Les choses se décidèrent vite à l’agence de presse parisienne où nous étions Urli et moi. Etre leurs correspondants à Rome. – Tout fut facile. Déménager, le train, le foutoir, l’arrivée, trouver un appartement. Notre choix se porta sur un petit bijou dans ce qui fut l’hôtel particulier d’Anna Magnani, restructuré, Piazza Sant Egidio dans ce Trastevere de rêve.
Urli restant sur la politique, le social, et moi le cinéma, les tournages, les rendez-vous, les textes, etc… Laura, petite, refusa d’entrée de jeu d’aller à l’Ecole Française. Je lui donnais ses leçons à la maison. Et ça marchait.
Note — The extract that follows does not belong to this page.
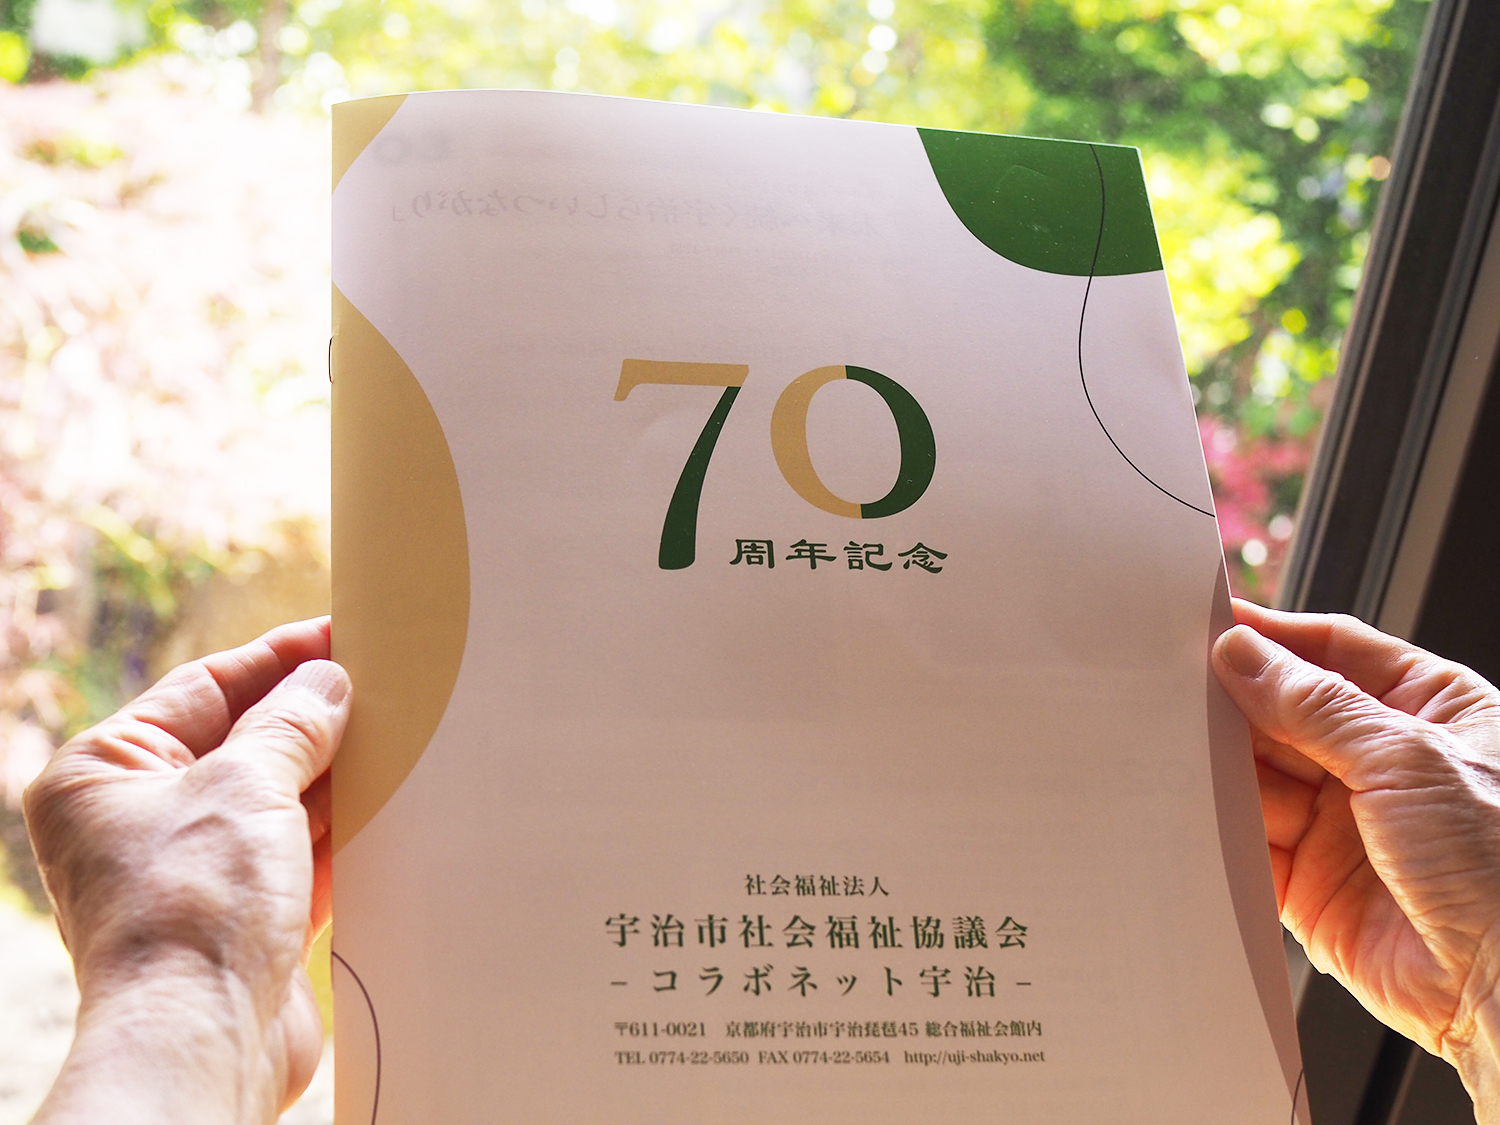 宇治社会福祉協議会70周年記念パンフレット

L’appartement était un duplex avec de hautes fenêtres presque toujours ouvertes sur la place. Les voleurs y faisaient leur besogne. Avec astuce ils ouvraient les coffres des voitures stationnées (non romaines) « C’est à toi ? » disaient-ils. Non. Alors on y va.- Ciao ! Une fois, Urli se fit voler son indispensable sac photo, pas bien loin de là. L’acteur du film, sur lequel il réalisait un reportage le rassura : « Laisse-moi passer quelques coups de fil ». Le lendemain, le sac était là. – Rome, quoi !
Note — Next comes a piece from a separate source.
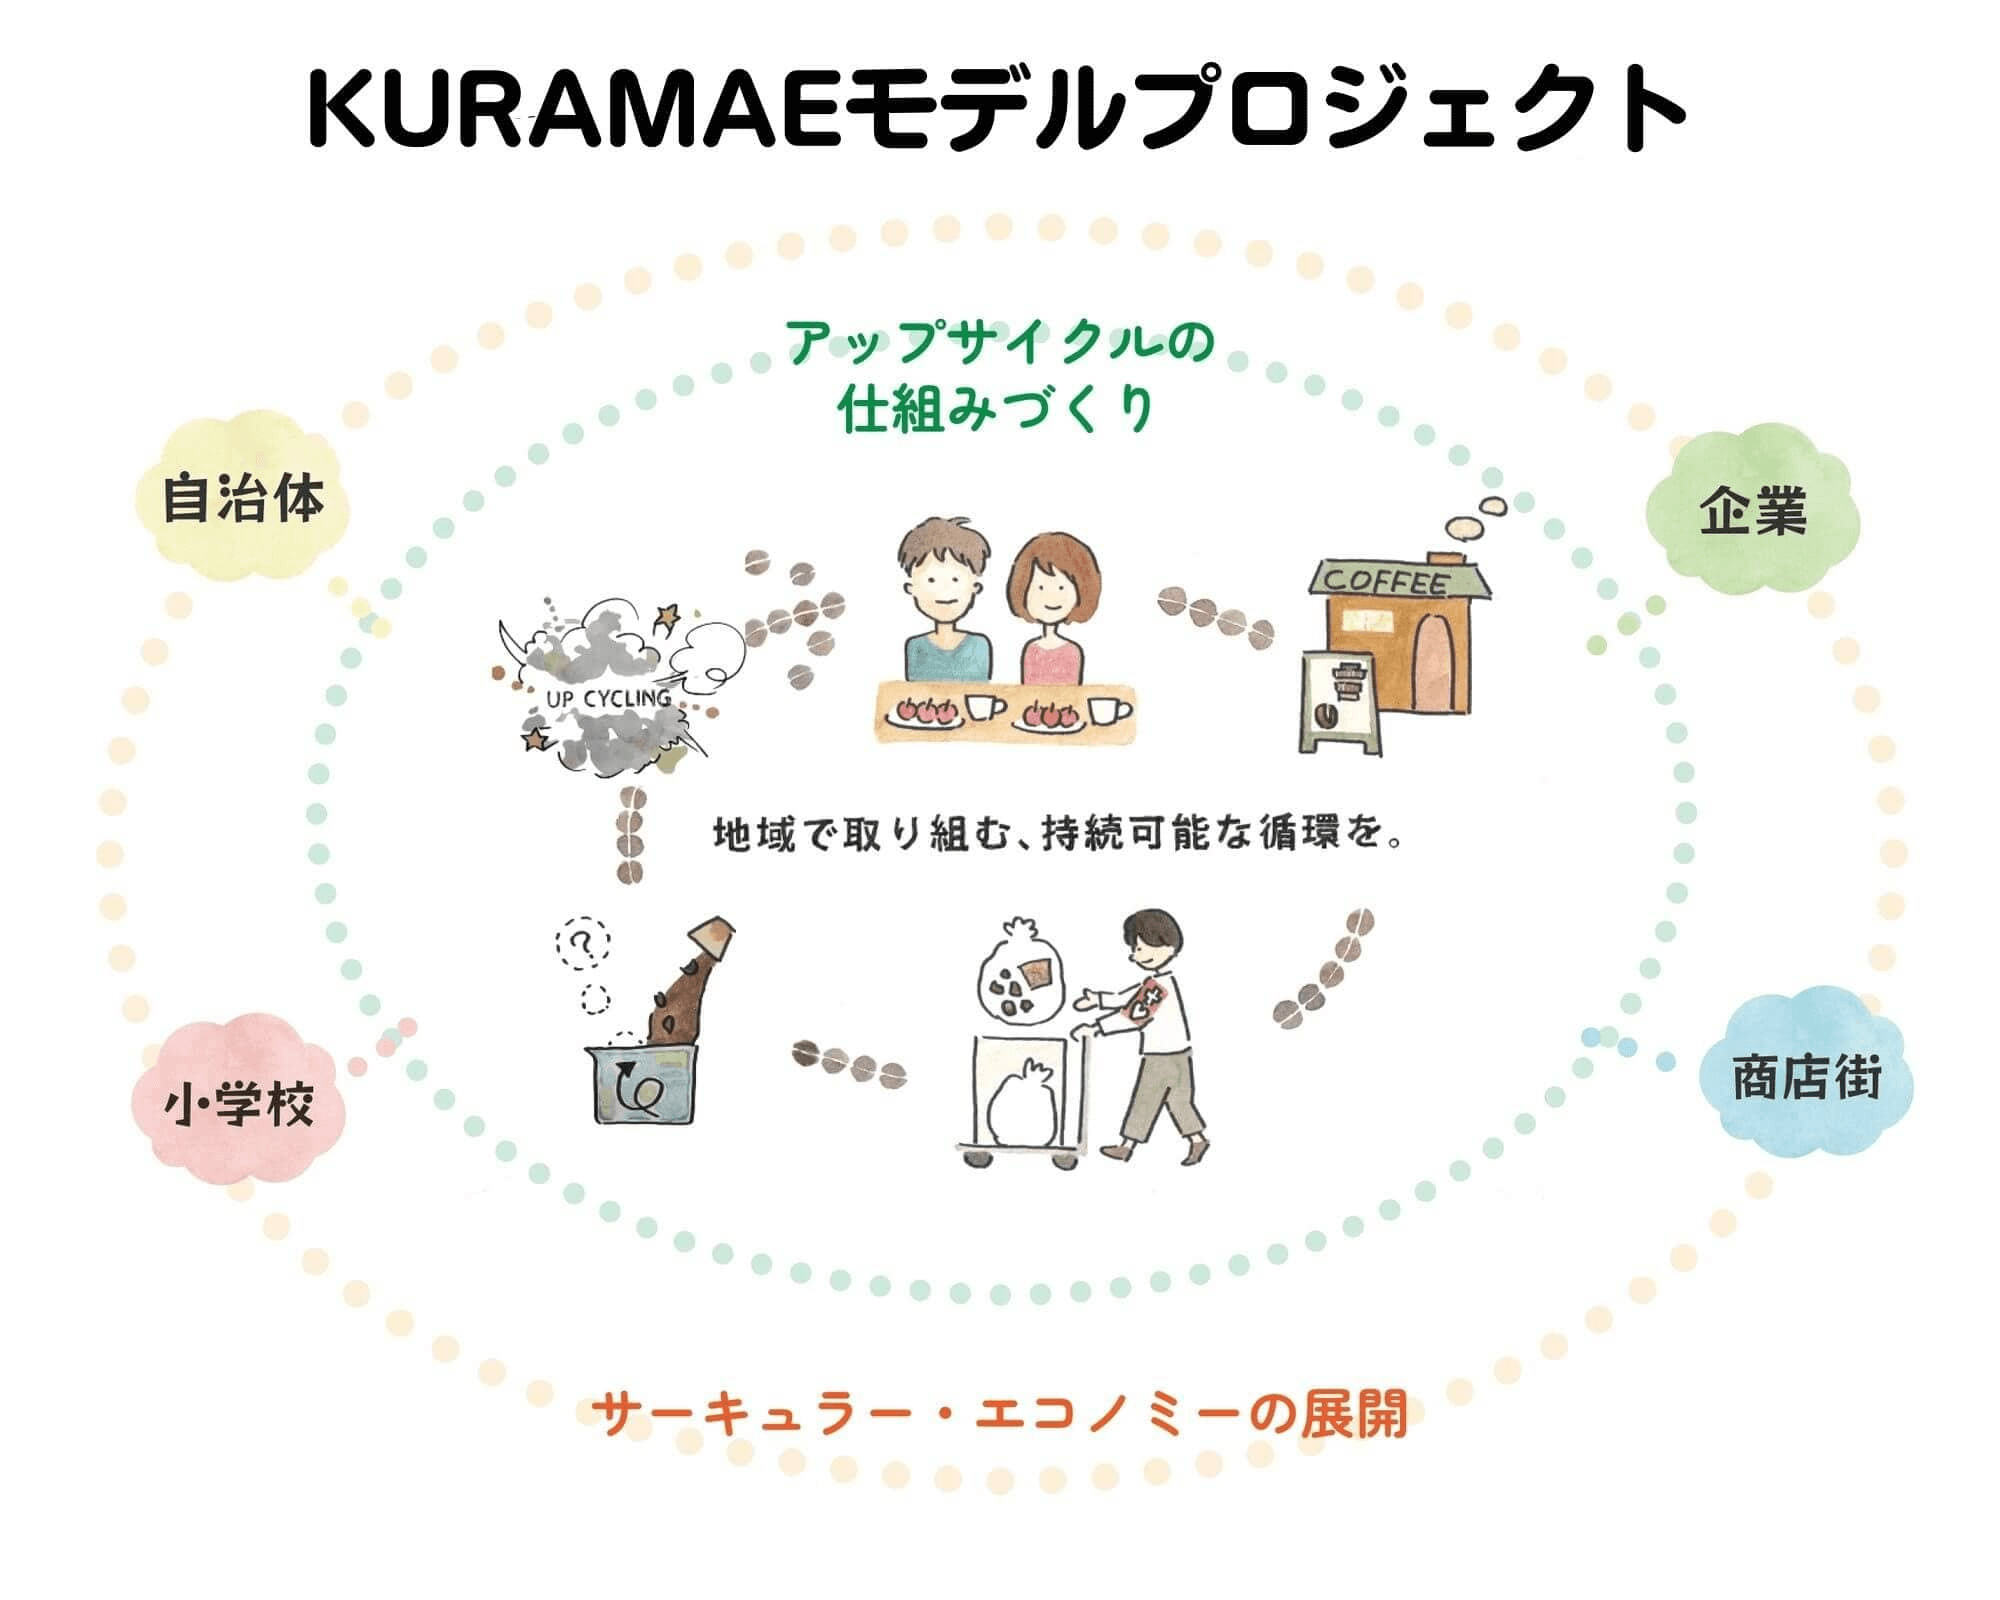 KURAMAEモデル（東京・蔵前発の地域循環モデル）のイメージイラスト。捨てられるモノや古くなったモノに、企業のものづくりの技術や専門家のアイディア、福祉作業所の手仕事などをいれることで新しい価値を与えて生まれ変わらせる「アップサイクル」に取り組んでいる。その知見やノウハウを他の地域・団体・企業とも共有して連携し「サーキュラー・エコノミー」を広げていく。

C’était plus compliqué pour moi. Arriver à joindre les bonnes personnes. Compliqué. Le matin, elles ne sont pas là. On peut les avoir vers midi, la tranche horaire est limitée, à 13 heures 13 heures 30, elles partent déjeuner. L’après-midi, on les trouve pas. J’ai finalement pigé que 18 heures était L’HEURE. Une fois contactées, elles étaient partantes pour tout faire.
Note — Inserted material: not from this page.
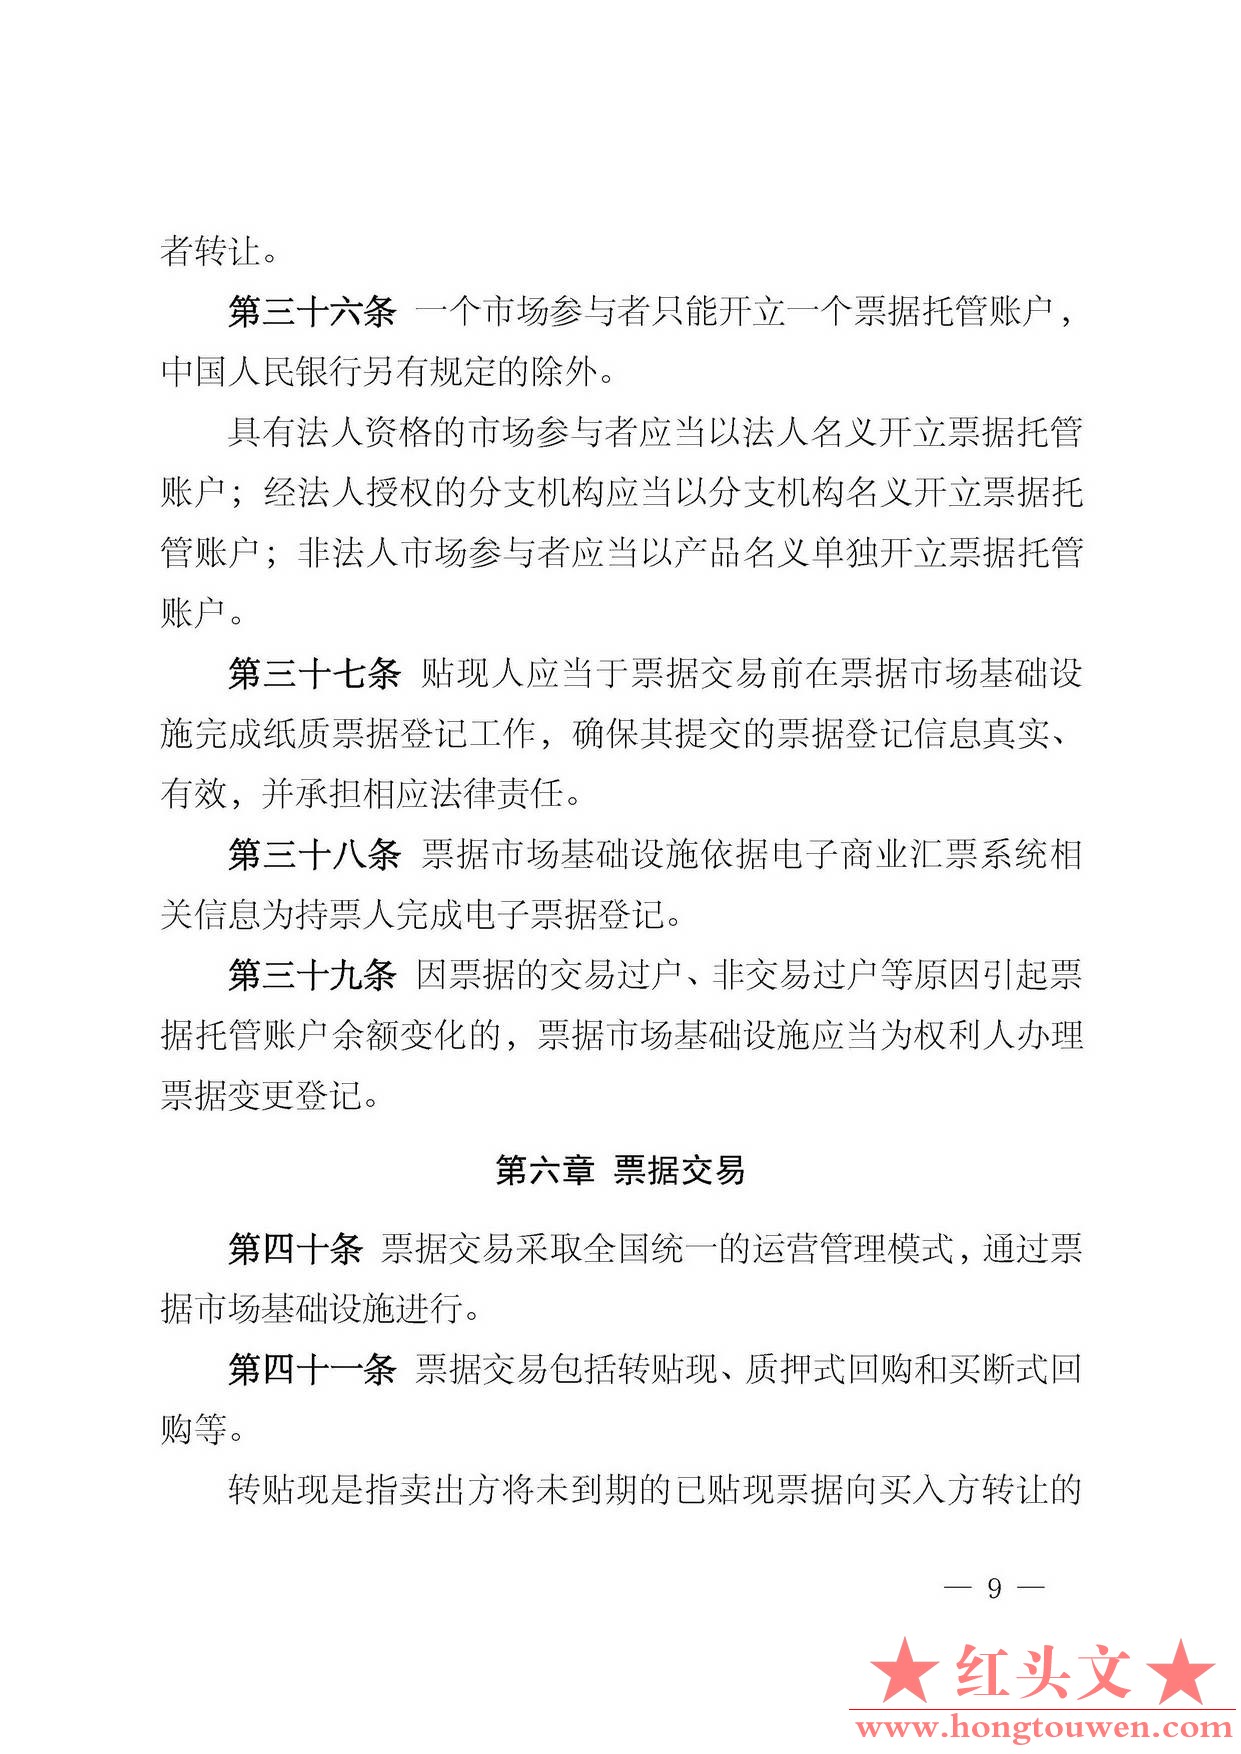 中国人民银行公告[2016]29号-票据交易管理办法_页面_09.jpg

Pasolini était déjà mort, mais j’étais dans sa ville. Que de fois j’ai pensé à lui en prenant une glace ou un café sur cette Piazza del Popolo où il avait ses habitudes chez Rosati. Notre « secrétariat », le lieu des rendez-vous, le fameux Caffè Greco, via dei Condotti, ou la trattoria avec son jardin, pas bien loin de là.
Un jour, nous promenant, Laura entendit un miaulement. Un jeune chat, tout maigre, dans un état… Le prendre. Lui donner un nom. Nous étions jeudi. Bienvenue à Giovedi. Beethoven était son idole. J’vous assure, il entendait un morceau, il l’écoutait, sa queue remuant le temps du mouvement. S’abaissant lentement la musique finissant. Incroyable. Insensible à Mozart, indifférent au jazz, aux petites chansons.
J’aimais la rumeur de cette ville.
Et puis un jour on nous rappela à Paris. Rapidement, lasse des provocations du Rédac-Chef je lui ai très vite retourné son bureau sur lui. – Je fus virée.
Savez-vous ce qu’il me dit alors, avec un vrai sourire, une vraie sympathie, une vraie bienveillance : « Maintenant que vous partez, vous allez réussir, Anna. »
Des années plus tard, nous sommes revenus à Rome. Me suis pas faite au silence, relatif, de la Piazza, sans l’agitation des voitures, sans les sons mythiques des fameux klaxons romains.